We have already had a look at how platelet rich plasma (PRP) works (if you haven’t had a chance to read this yet, you can find it here), but now we are going to dive more deeply into the scientific evidence behind this treatment.
Randomised controlled trials (RCTs) are the gold standard study for determining if one treatment offers superior benefits over another. In these trials, patients are randomly assigned to either receive the treatment of interest or an alternative treatment, usually the standard of care or a placebo. Moreover, the patients are ‘blind’ to what treatment they are receiving. Here, we are going to look at two RCTs that investigated the use of PRP to treat knee osteoarthritis and chronic tennis elbow.
Knee osteoarthritis
A study by Bansal et al. (2021) investigated the optimal dose and concentration of therapeutic PRP required to achieve the desired physiologic efficacy. One hundred and fifty patients were enrolled in this trial, with then being randomised to either receive PRP or hyaluronic acid for their knee osteoarthritis.The results revealed a significant improvement in the Western Ontario and McMaster Universities Osteoarthritis Index (WOMAC), International Knee Documentation Committee (IKDC) score*, and six-minute pain free walking distance. Besides external improvements, this trial also noted a significant decline in IL-6 and TNF-a levels in the PRP group when compared to the hyaluronic acid group at six months, both of which assist in mediating an inflammatory state (Bansal et al., 2021). If you would like to read more about the role of these cytokines in osteoarthritis, we have an additional blog post discussing just that.
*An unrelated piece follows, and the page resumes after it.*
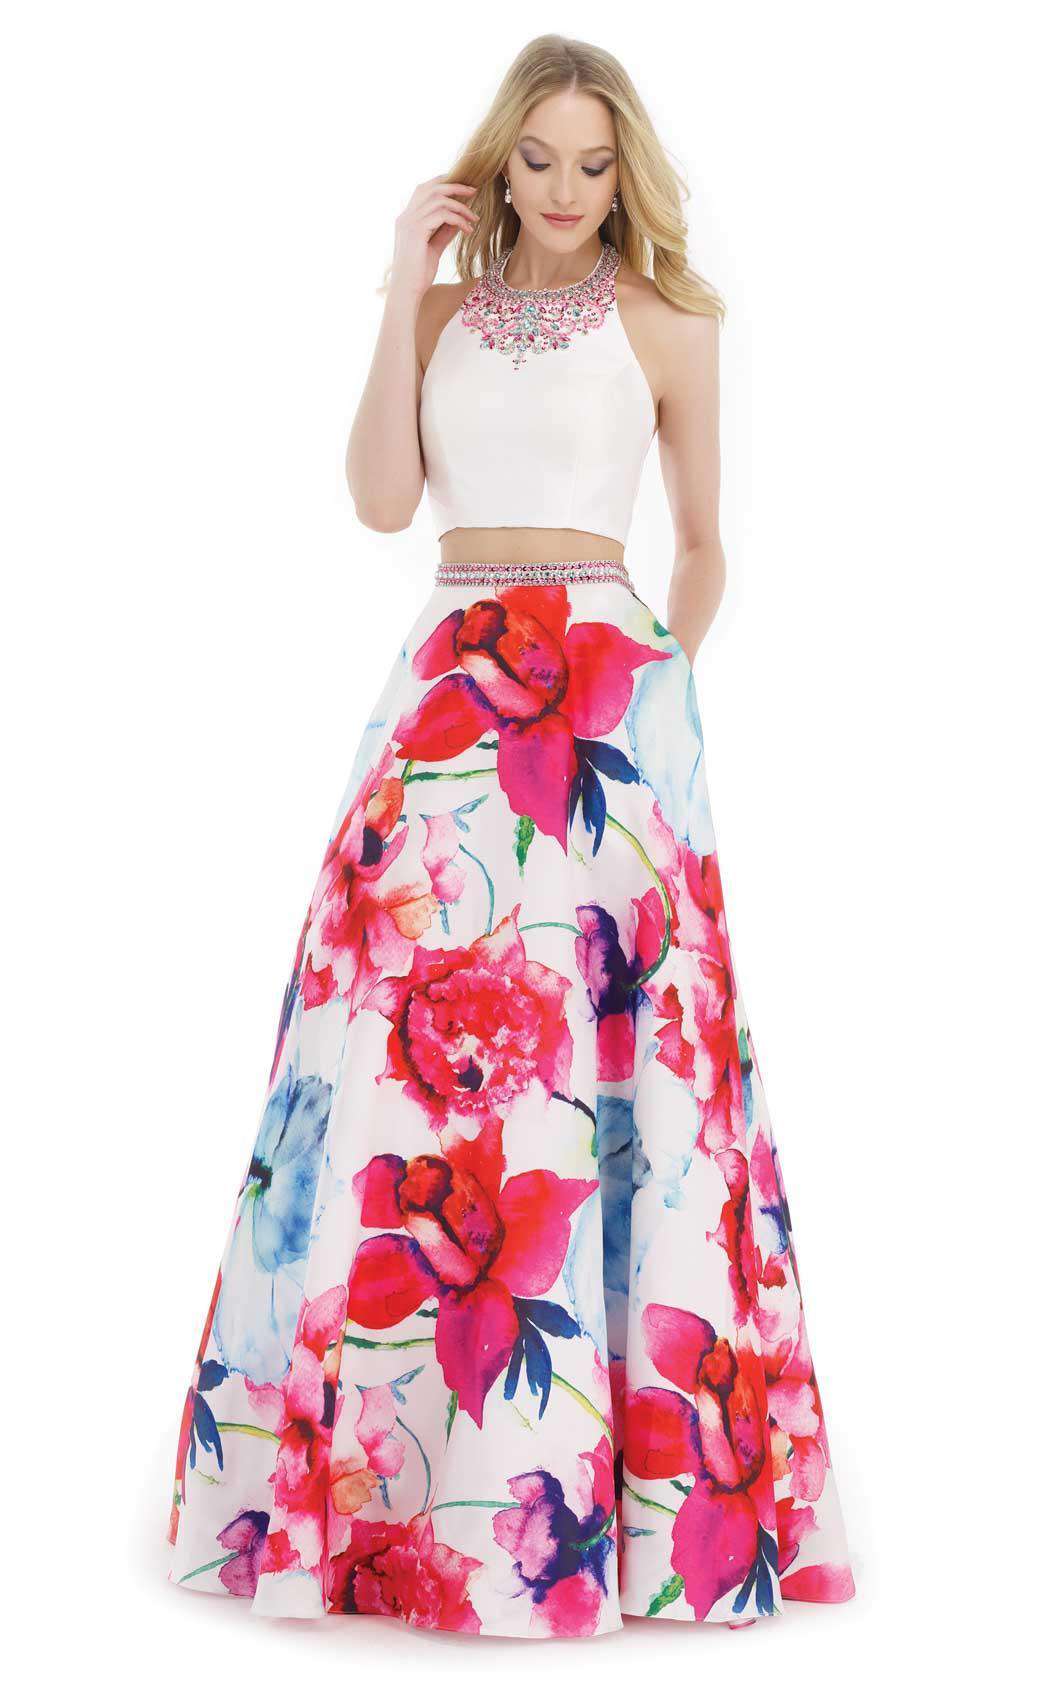 Morrell Maxie 15460 Dress | Buy Designer Gowns & Evening Dresses ...

Collectively, this trial, along with several others, demonstrate the efficacy of PRP, specifically with an absolute count of ten billion platelets, in achieving a long sustained chondroprotective effective in arthritis.
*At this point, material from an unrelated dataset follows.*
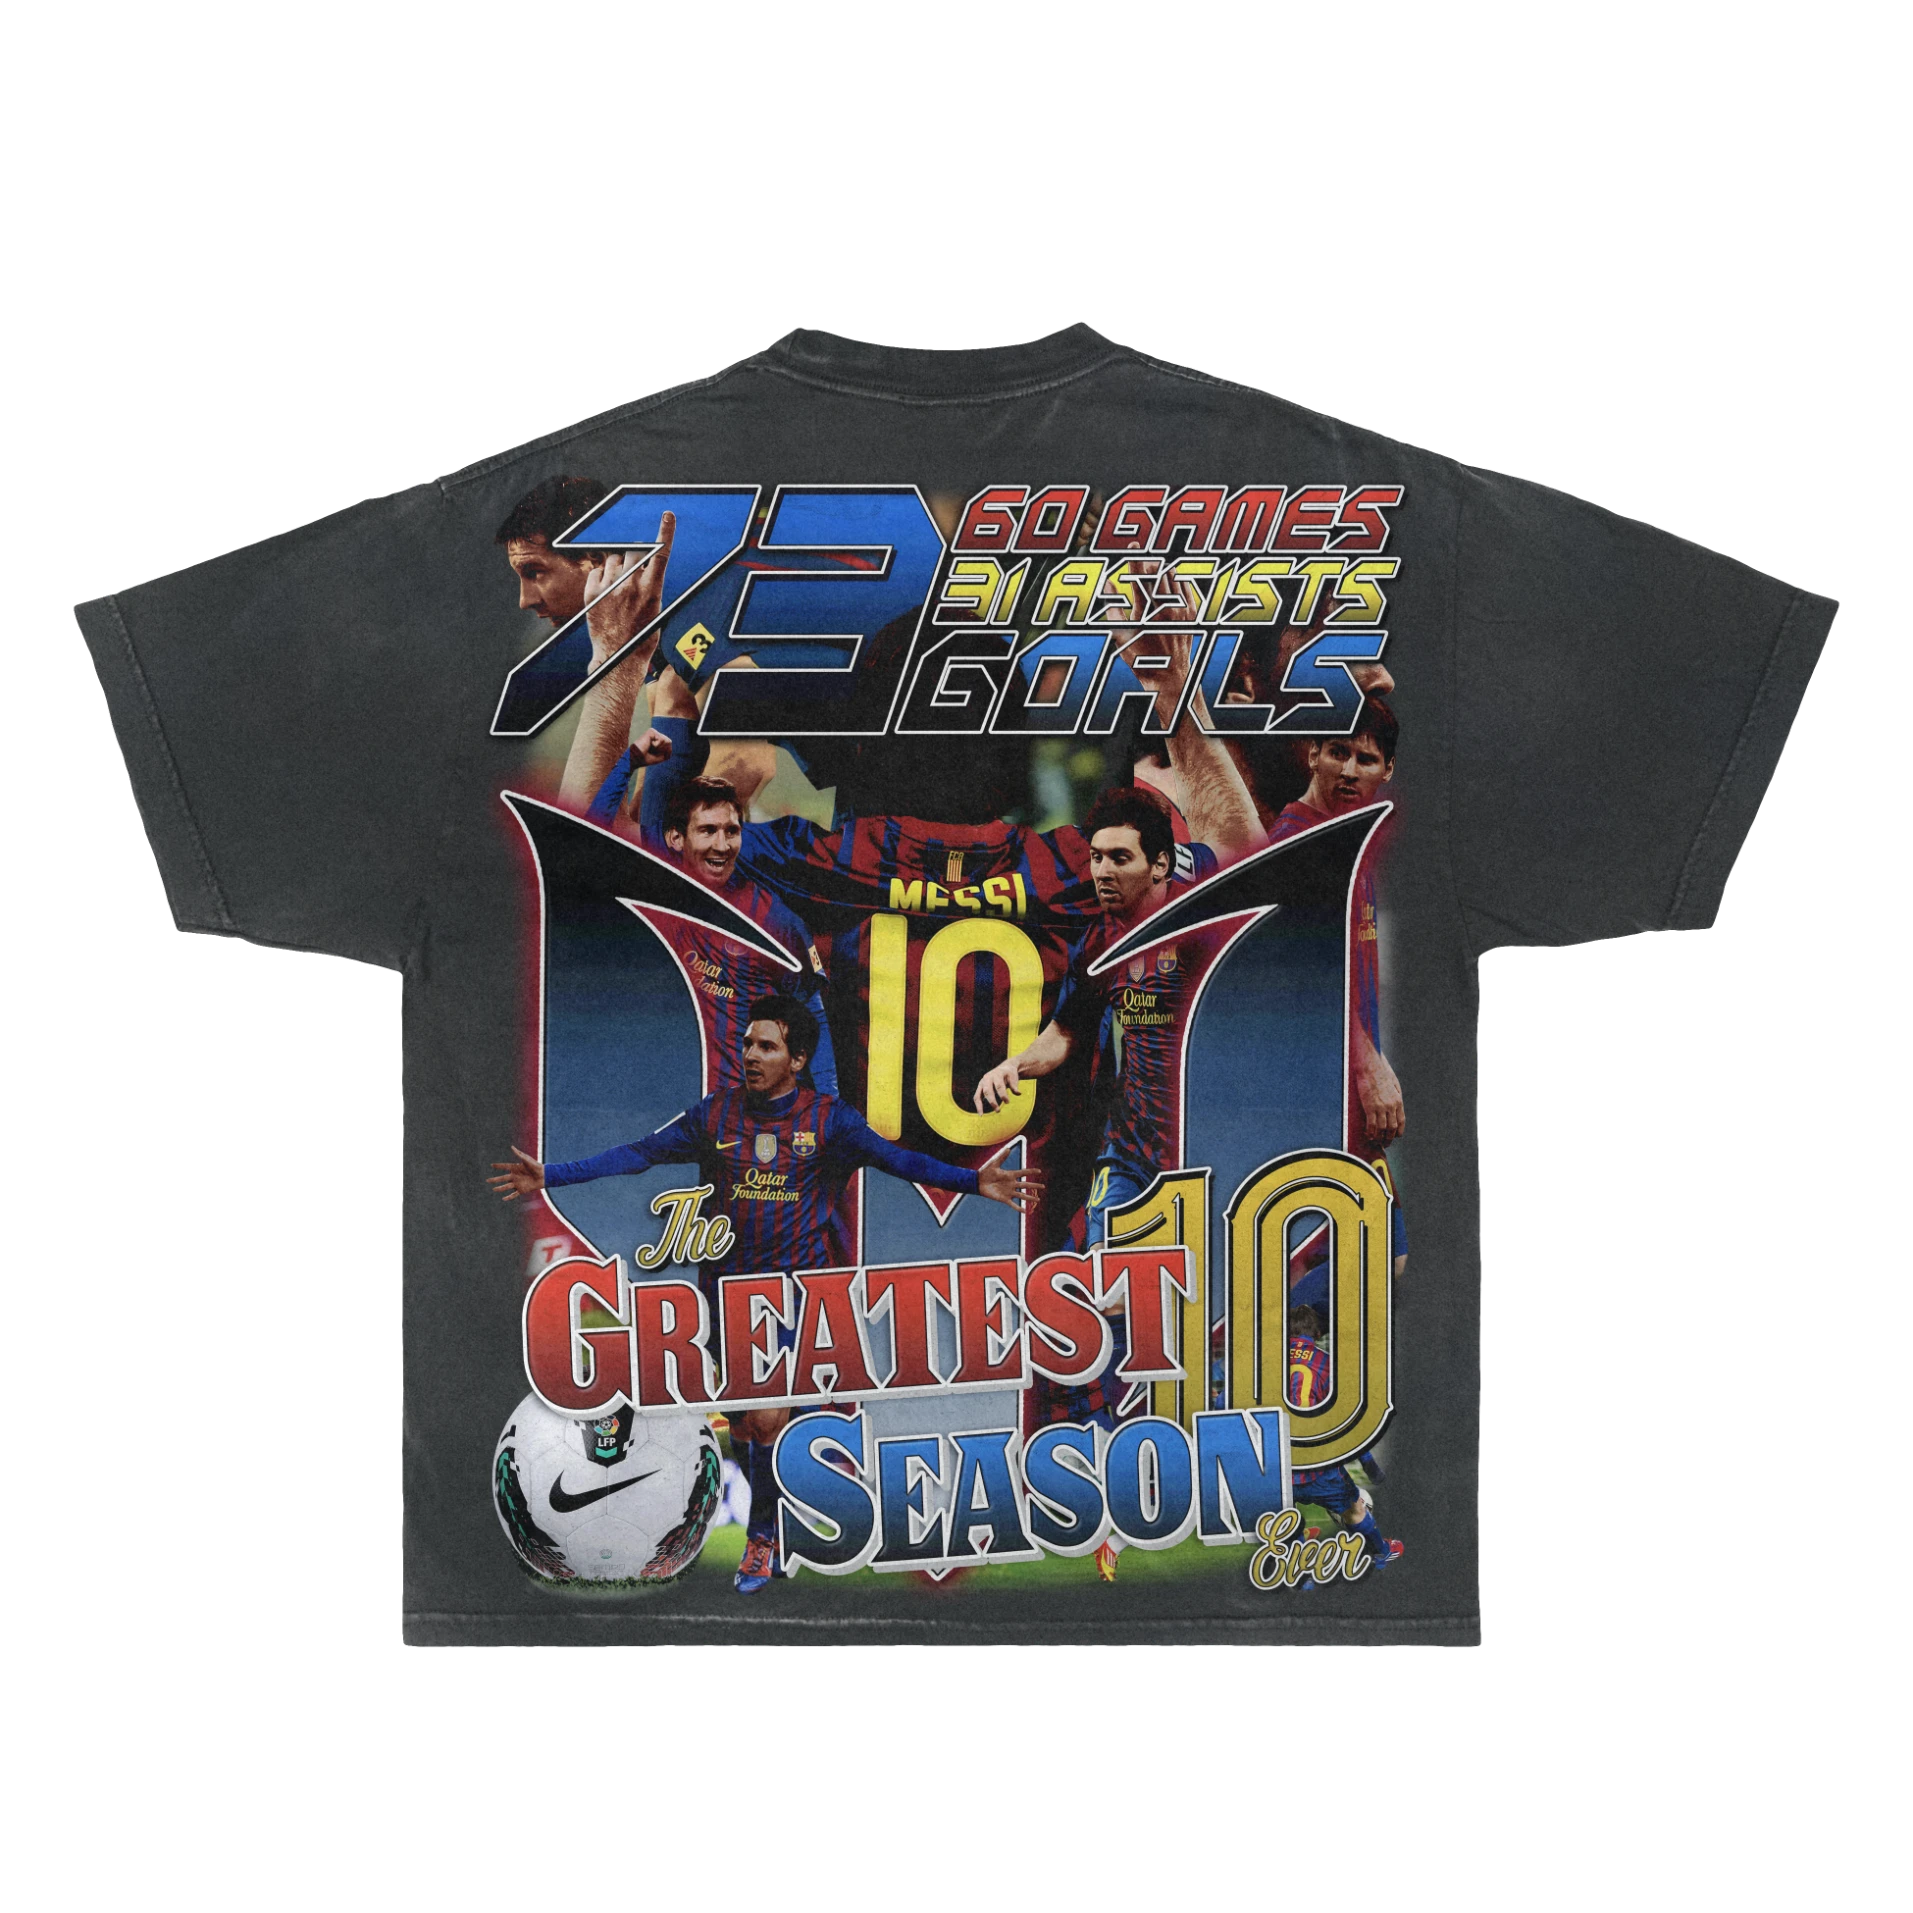 Lionel Messi '11-12 Tee Tee Greazy Tees

*The WOMAC represents an osteoarthritis index and measures a patients’ physical function, pain, and stiffness over a 48 hour period. The IKDC, on the other hand, gives an indication of a patients’ condition, containing questions on knee symptoms, overall function, and sports activities. The scoring system ranges from zero to one hundred, with zero representing the lowest level of function and the highest level of symptoms.